Everything from the line containing "Greek Easter sweet" to the last line of the listing below should be restated exactly, both ends included, with nothing added and the pictures omitted.

-- SUPPLIED DATA --

################

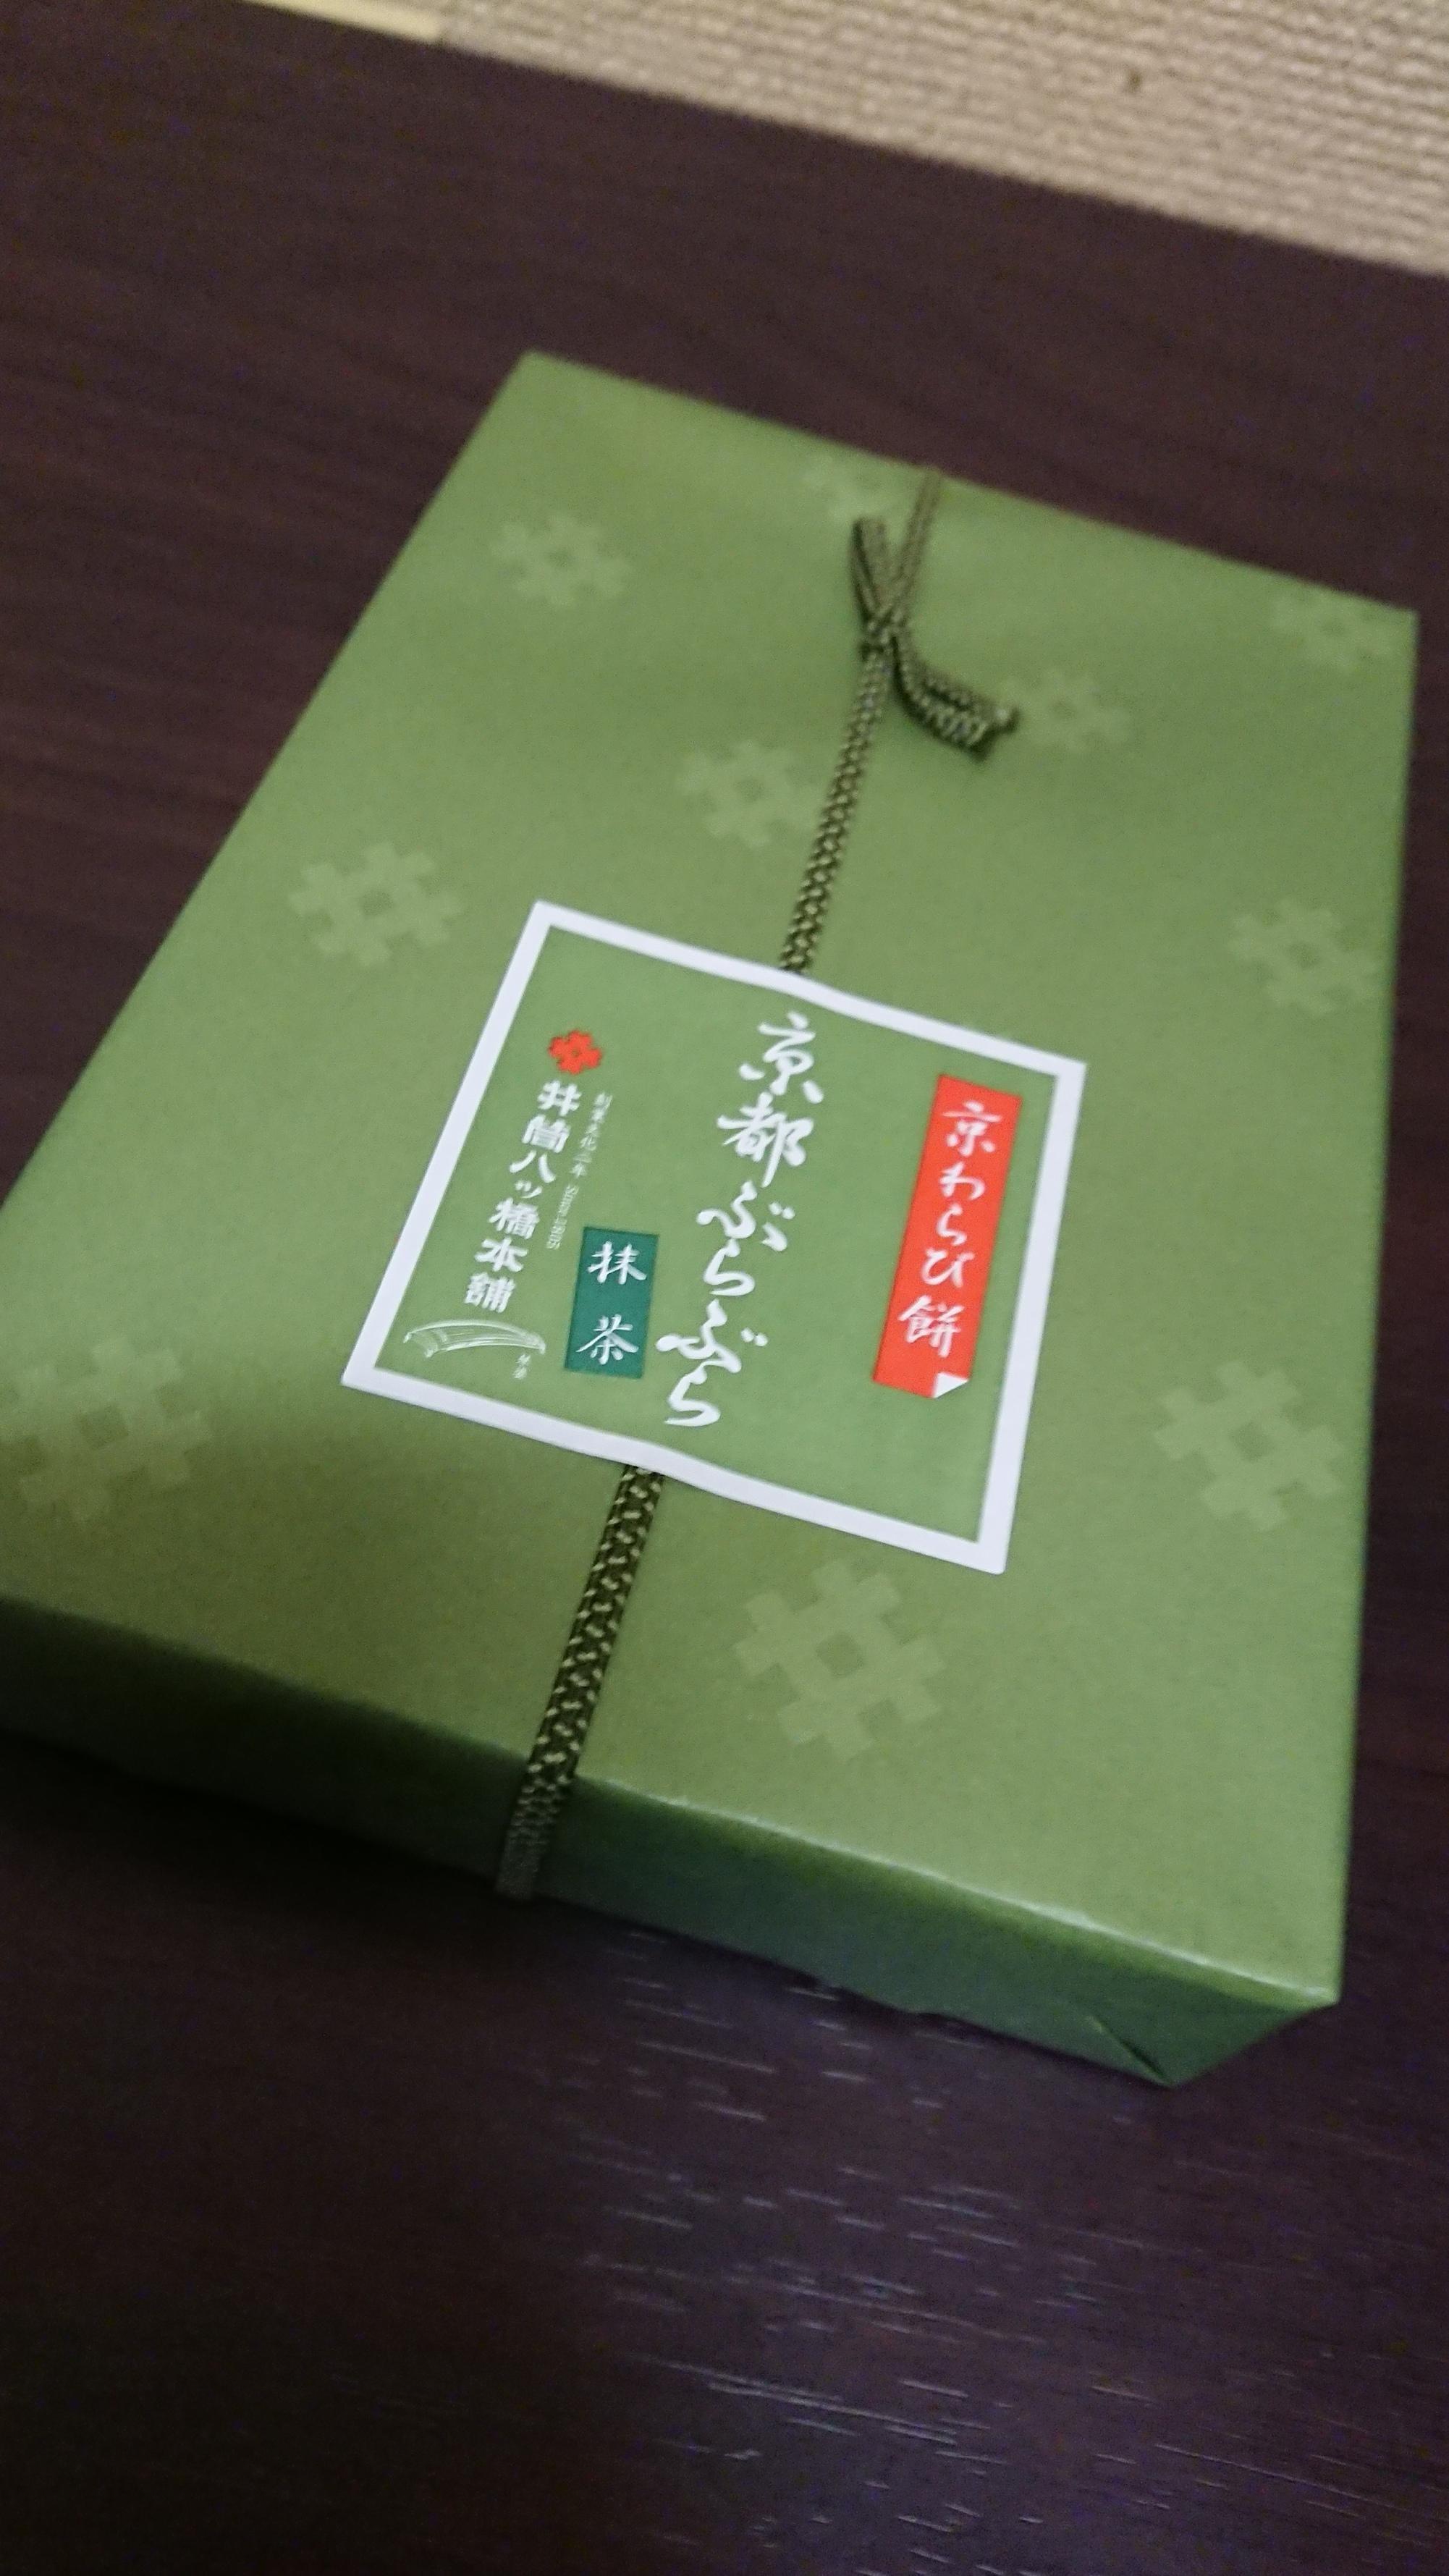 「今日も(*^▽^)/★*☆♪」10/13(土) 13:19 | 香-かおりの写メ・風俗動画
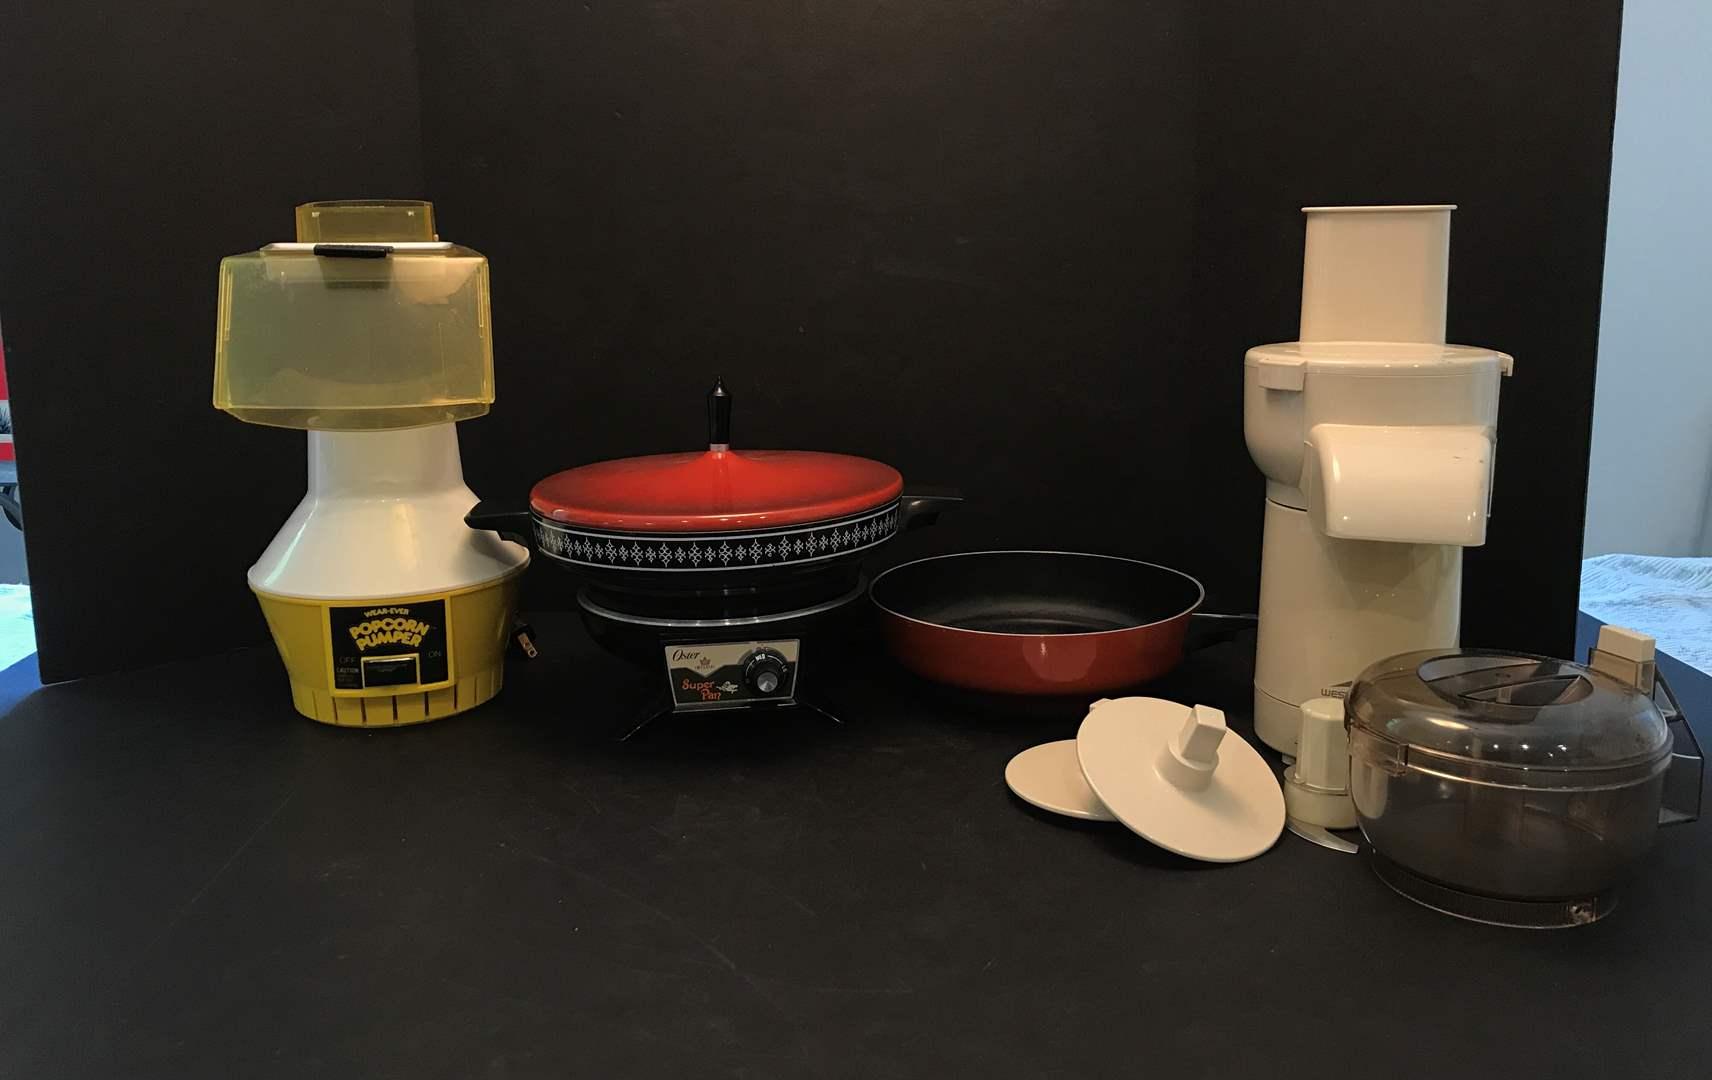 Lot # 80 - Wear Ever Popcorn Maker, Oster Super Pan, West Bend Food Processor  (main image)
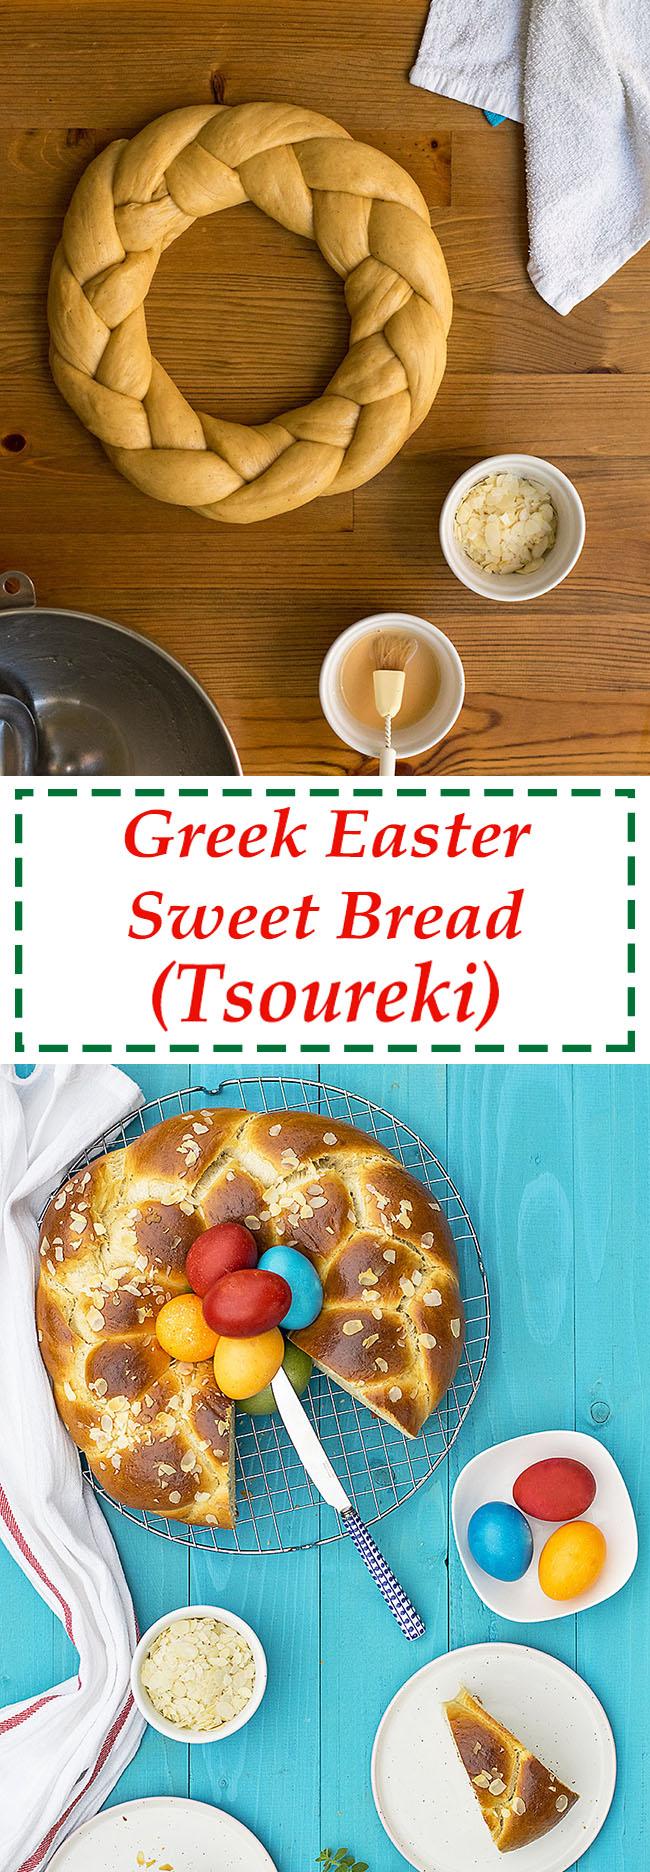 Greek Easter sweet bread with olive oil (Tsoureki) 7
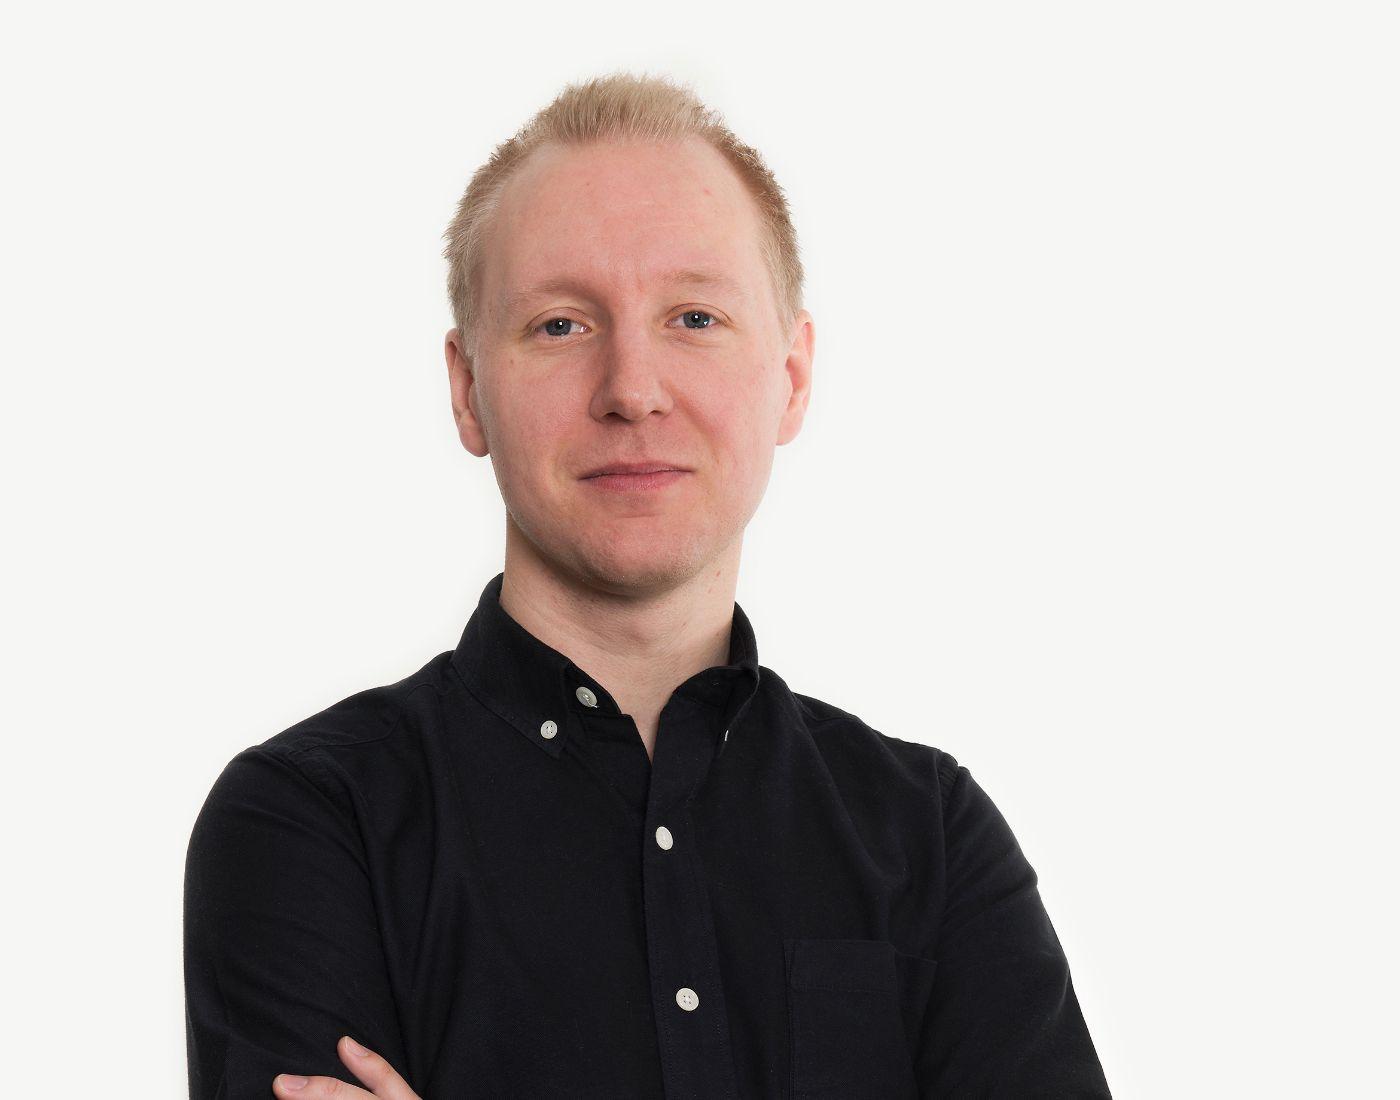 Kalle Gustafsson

################

-- ANSWER FOR THE TASK --
 Greek Easter sweet bread with olive oil (Tsoureki) 7
 Kalle Gustafsson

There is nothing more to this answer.